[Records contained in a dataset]
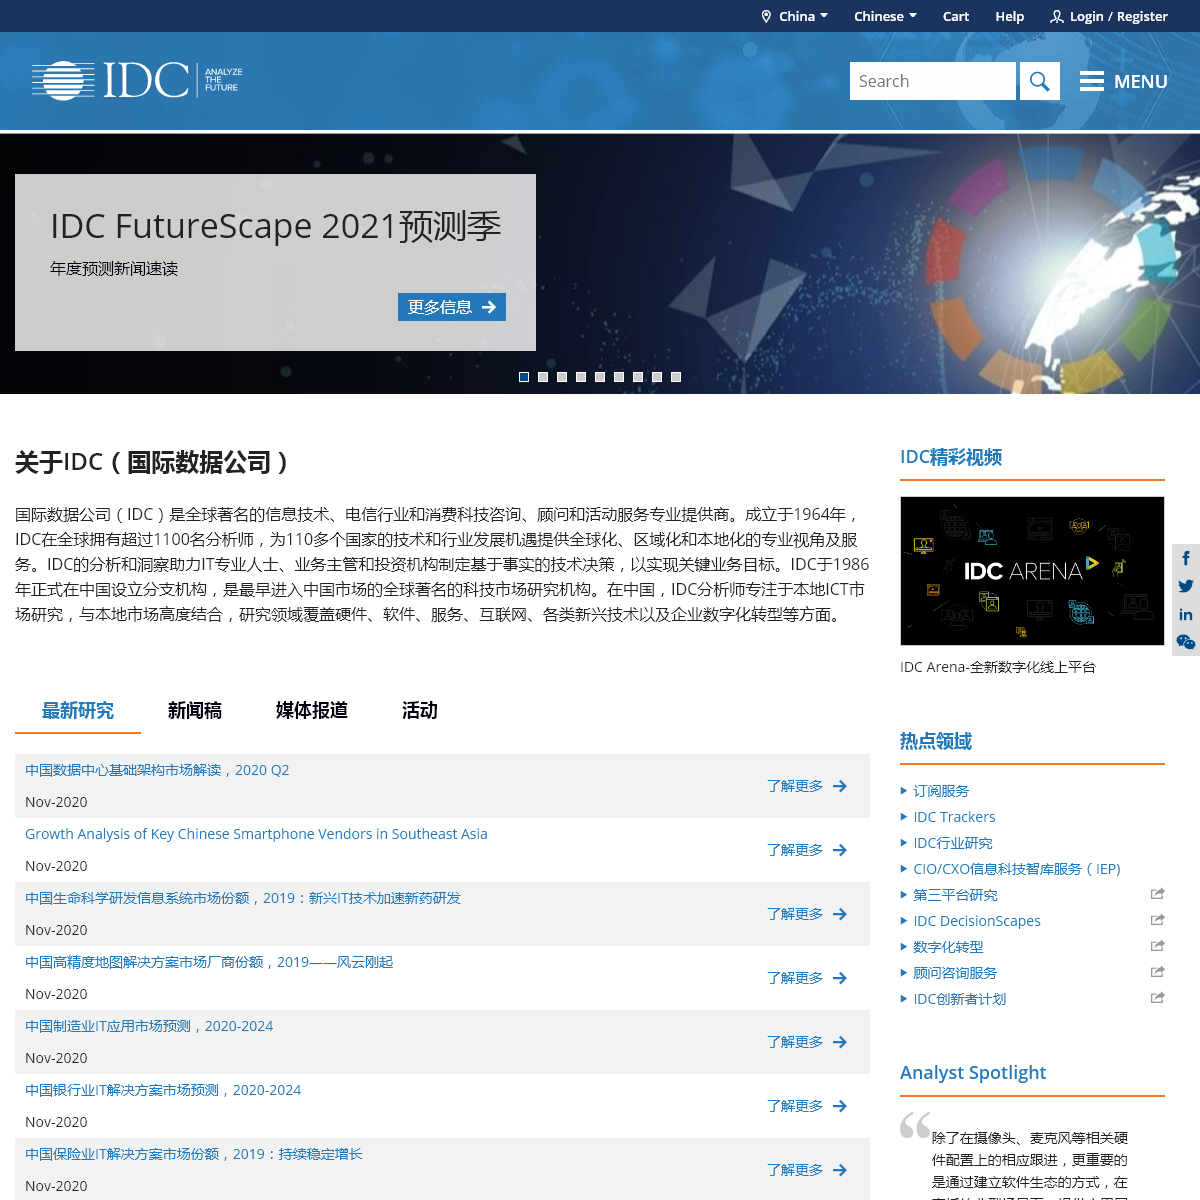 A complete backup of idc.com.cn
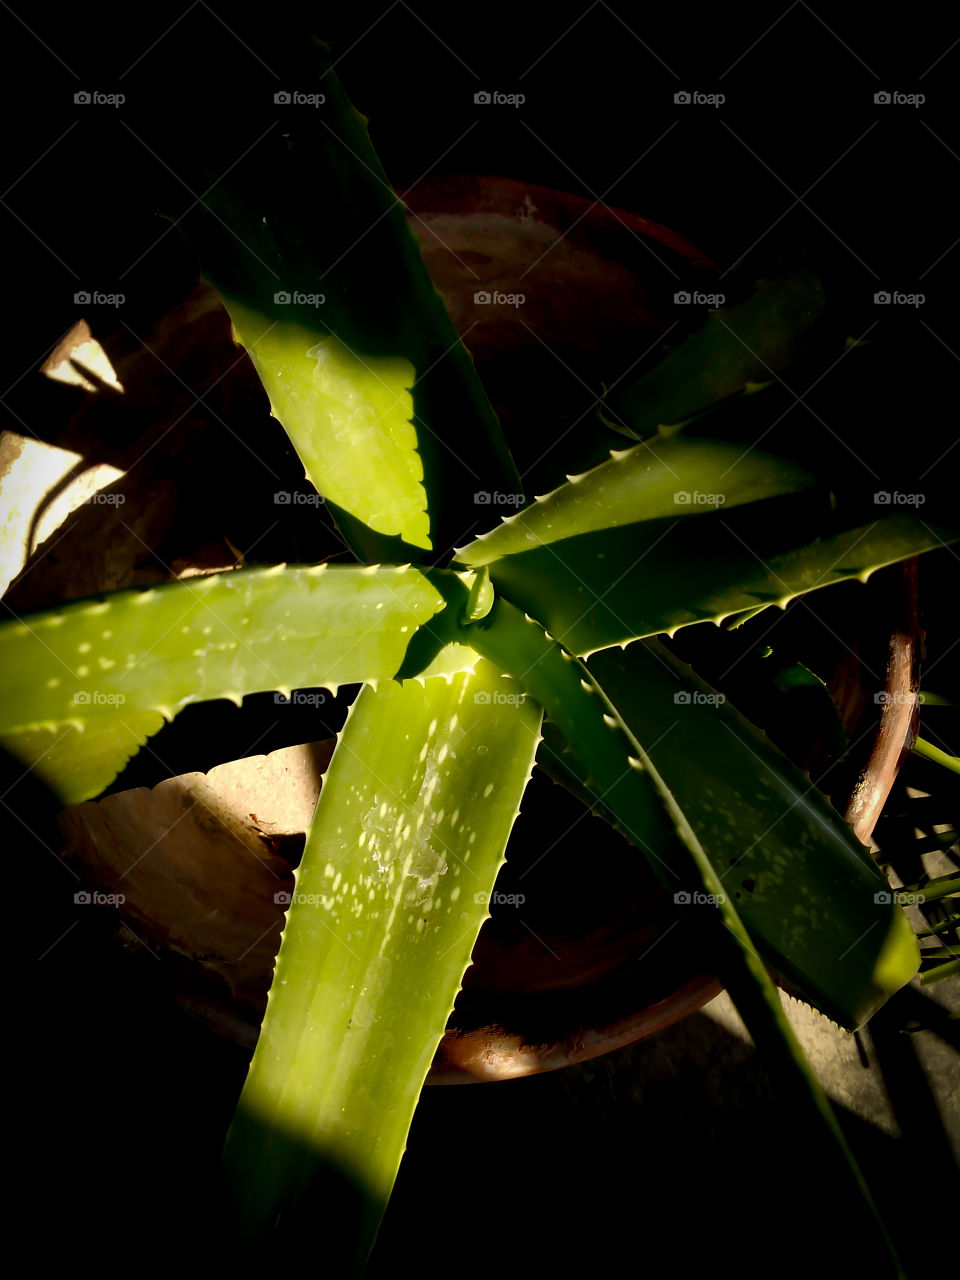 Title- Spreading Memories
Description- Sunlight on Aloe vera Plant
Location- West Bengal,India
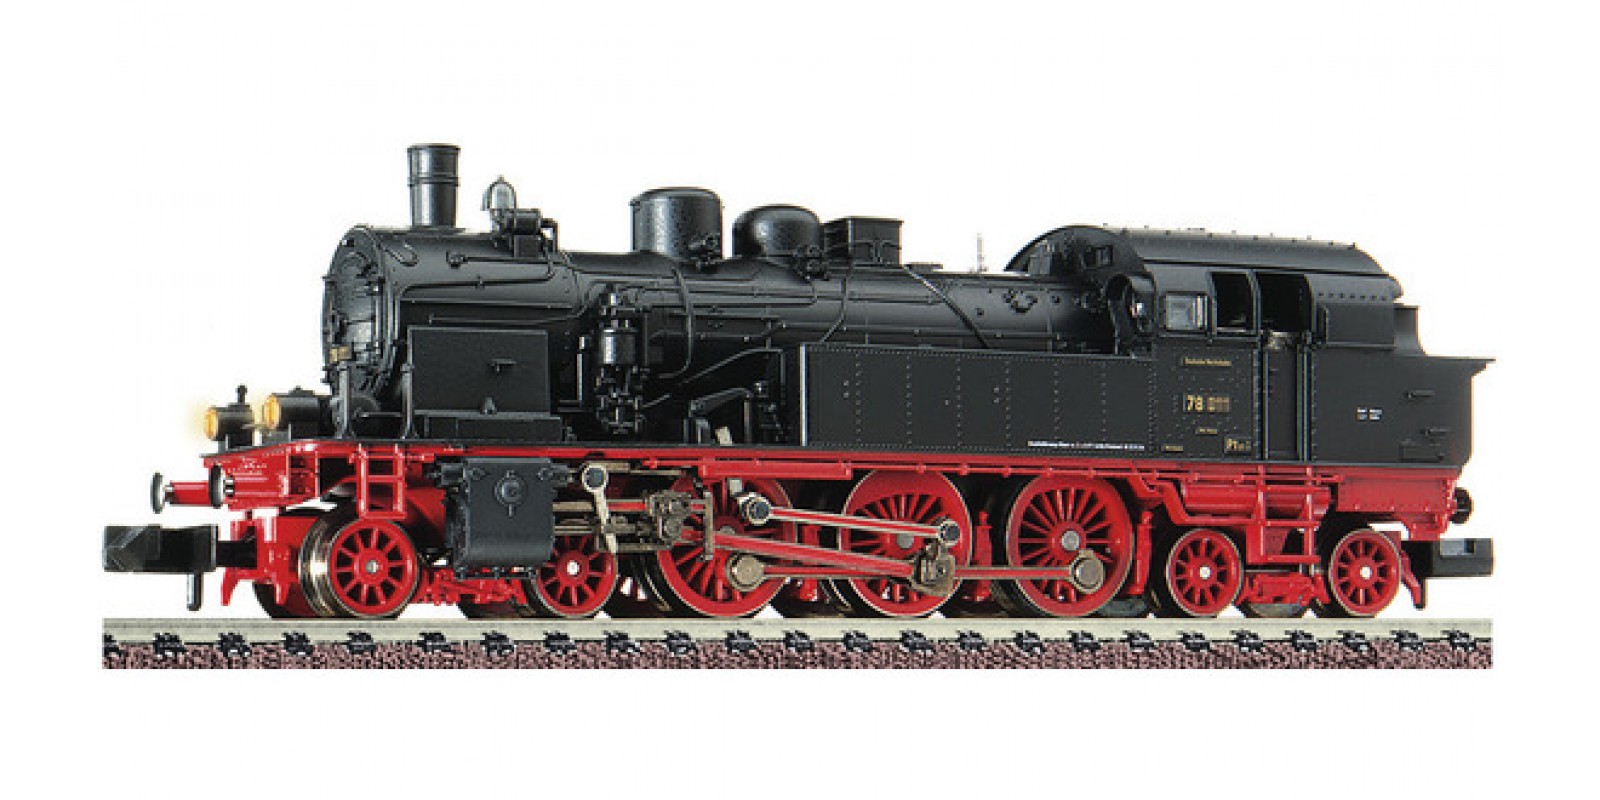 FL707502 - Steam locomotive class 78.0-5, DRG

**WORK INSTRUCTIONS:** Set the pictures aside and transcribe the data above exactly.

**RESULT:**
 A complete backup of idc.com.cn
 Title- Spreading Memories
Description- Sunlight on Aloe vera Plant
Location- West Bengal,India
 FL707502 - Steam locomotive class 78.0-5, DRG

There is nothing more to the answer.